Bank-Reported Challenges

With the New Year fast approaching, financial institutions are scrambling to ensure that big data architectures meet risk reporting, data aggregation and data governance requirements. The self-assessment questionnaire from January 2015 showed that while Global-Systemically Important Banks (G-SIBs) were making progress on key principles, they struggled overall, leaving year-over-year progress largely unchanged. Specifically, data aggregation and the supporting infrastructure for proper governance remain the most challenging areas for financial organizations.

Not surprisingly, the principles with the lowest reported compliance were:

  • Principle 2 (Data Architecture/IT infrastructure);
  • Principle 6 (Adaptability); and
  • Principle 3 (Accuracy/Integrity).

Perhaps most alarming, the year-over-year downgrades reveal that banks are uncovering more problems as they attempt further compliance.
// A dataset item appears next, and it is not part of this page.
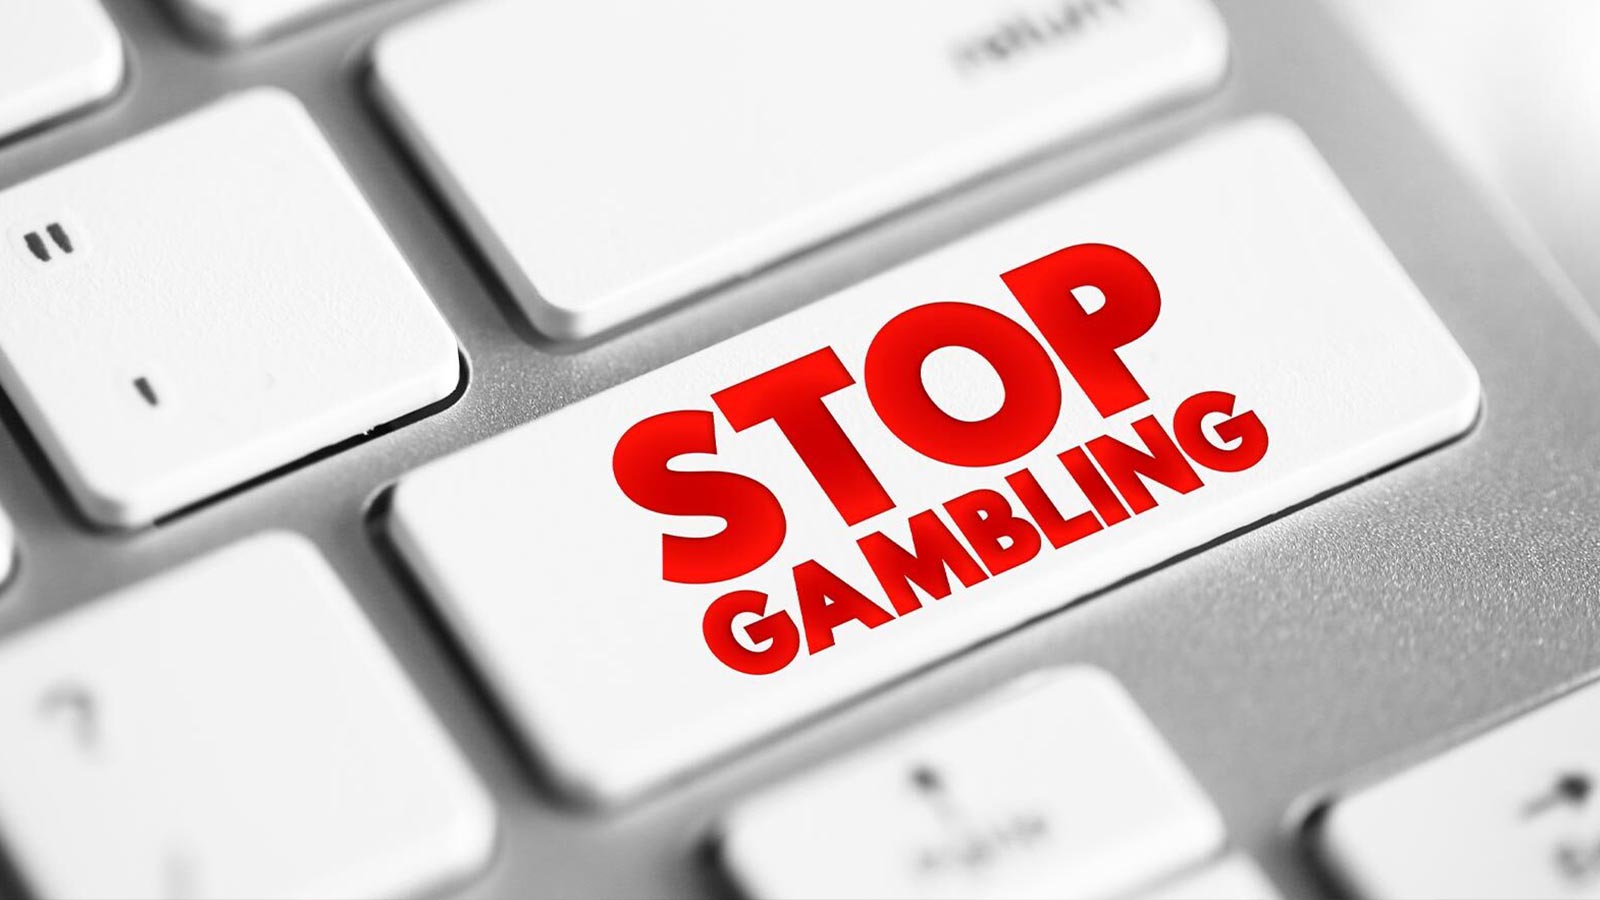 How to stop gambling addiction

Specifically, banks “continue to point to the need to enhance current IT architecture and data flows to reduce complexity and manual workarounds” and report that “IT infrastructure, while adequate in normal times, was not adequate in stress or crisis situations.” Domestic – Systemically Important Banks (D-SIBs) face these same compliance challenges.

Even those that believe they will be ready for their respective deadlines will be doing so with many manual workarounds that are not optimal or adaptable.

A Big Data Platform to Enable Compliance

It is critical for financial services institutions to determine an architecture that will best enable them to meet compliance requirements – and quickly. This architecture should allow for comprehensive enterprise level governance, while also enabling analysts to complete and continually improve their risk Analytics in an easy to use self-service paradigm. Most banks have historically completed these analytics across many disparate teams in many disparate and disconnected systems or spreadsheets. Enabling the aggregation of data from upstream source systems and empowering the transition of free standing spreadsheets into a central business analyst-friendly interactive repository – all in the creation of a comprehensive data aggregation and reporting pipeline – is crucial.

The ideal architectures must give financial services institutions the ability to:

  • Apply enterprise-wide governance to achieve a single source of truth
  • Instantly see the lineage of any data
  • Ensure data quality with automation and access control
  • Achieve real-time audit readiness

BCBS 239 deadlines are fast approaching, and the industry Regulation waves won’t stop there. As banks prep IT infrastructures and processes for compliance, the right architecture will ease the preparation process and minimize the aftershock.